There indeed has been much to criticize in Federal Reserve behavior. It is clear from the numbers that the Fed's policy has been both expansionary and erratic. The basic M-1 measure of the money stock (cash plus checking accounts) rose at an incredible 26% annual rate between December 1981 and January 1982, even when we average the M-1 figures for the four weeks preceding December 23 and January 20 to include the decline in M-1 in the week preceding January 20. This monetary explosion began back in late October 1981.

For last year as a whole, M-1 (then called M-1B) grew by the less extreme but still price-boosting rate of 4.6%. This included a burst of 23.8% annualized growth between early February and late April, in addition to the recent increase, with some weeks of actual shrinkage intervening. Going back a bit further, the Fed expanded M-1 interruptedly for seven months from late April to late November 1980 at an annual rate of 15%.[1]

Few of us need to be reminded what has happened to the value of our cash holdings in recent years. The numbers are dismaying. In the three months prior to September 1981, consumer prices for all items except food and energy rose at a 15.2% annual rate. During the 12-month period ending last October, the purchasing power of the dollar -- as measured by the 10.2% rise in general consumer prices -- shrank by a tenth. In the year prior to that period, consumer prices rose 12.2%. Since 1967 the dollar's value has shrunk to less than 36 cents.[2]

Why have overall prices behaved in this way? The basic immediate cause is evident: The value of the dollar has been diluted by progressive additions made to the number of dollars (the stock of money) in circulation. The M-1 money stock was expanded at an average annual rate of 6.1% between 1970 and 1975; prices rose at a 6.5% rate. Money averaged 7.1% annual growth between 1975 and 1980; prices grew at a 7.2% rate [3]

Blame for our nation's erratic inflation, then, belongs squarely on the shoulders of our nation's monetary authority. The Fed's actions are responsible for the rate of growth of the total stock of dollars, and hence are responsible for the rate of dilution of the purchasing power of each existing dollar -- the rate of price inflation. Changes in the willingness of the public to hold onto various forms of dollars, or changes in banking practices, may temporarily divert the rate of inflation from its appointed path, but over the longer haul (say, six months to a year) the predominance of the Fed is virtually complete. Other explanations of persistently rising prices simply do not wash.
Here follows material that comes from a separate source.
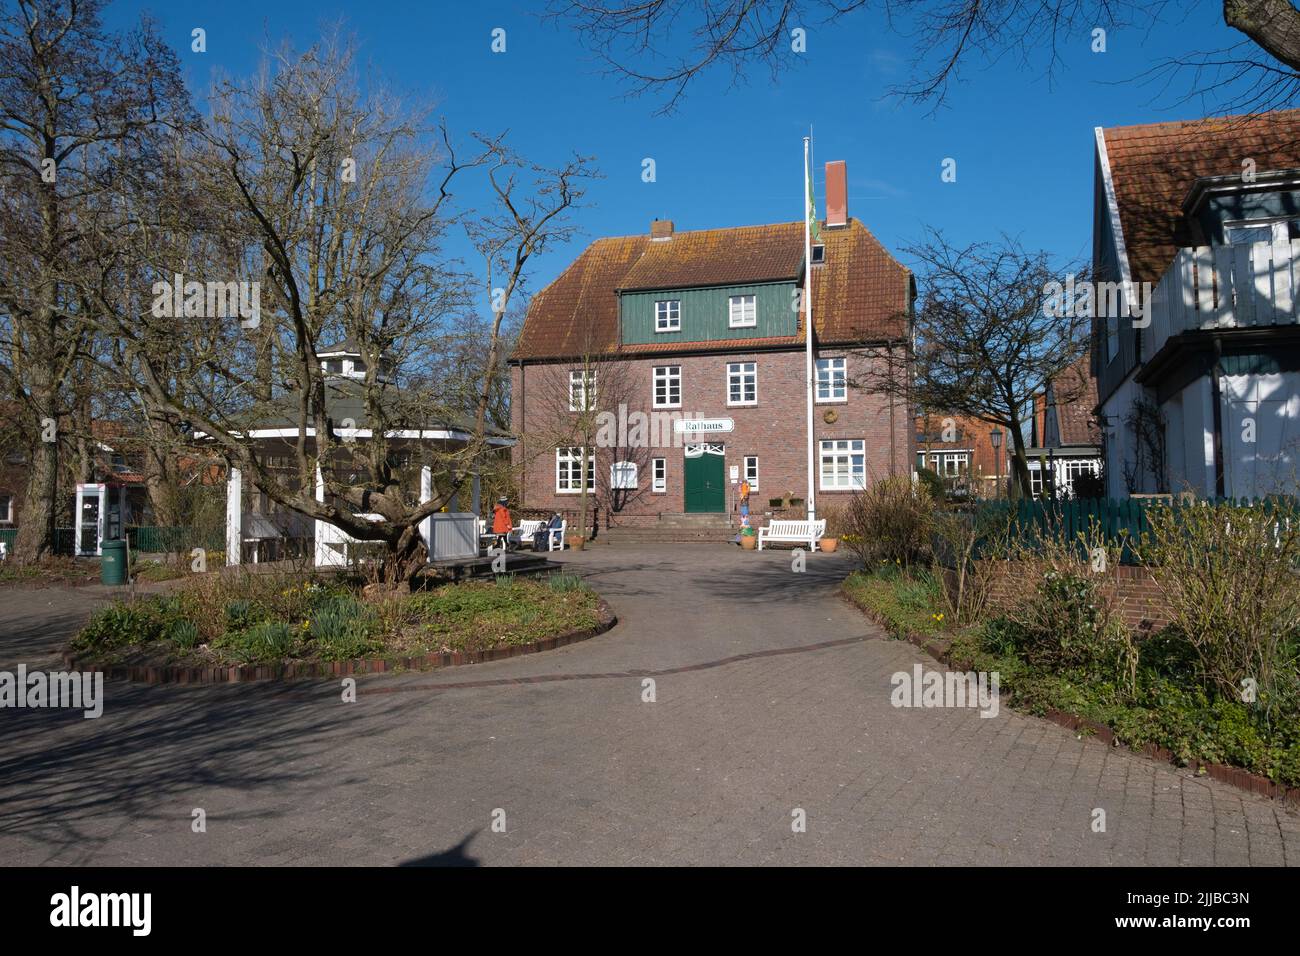 Old town hall of Spiekeroog, Germany Stock Photo

Why has the Fed behaved in this way? There is not wide agreement among economists as to the best answer to this question. The answer differs depending on whether the analyst wants to explain the Fed's actions taken last week, or a pattern of actions taken week-to-week over the past few years, or, more fundamentally, the overall behavior of the institution in the decades since its inception. We address ourselves here to this last concern. If we wish to understand the root cause of our erratic inflation, we must ask why the Fed is fundamentally prone to pursue a policy of uneven monetary expansion. There is a serious danger in focusing myopically on the monetary growth rates of last week, last month, or even last year: We may lose sight of the more important and enduring trends in money and prices. Also, we may overemphasize such cosmetic changes as the October 1979 guidelines emphasizing monetary targets over interest rate targets.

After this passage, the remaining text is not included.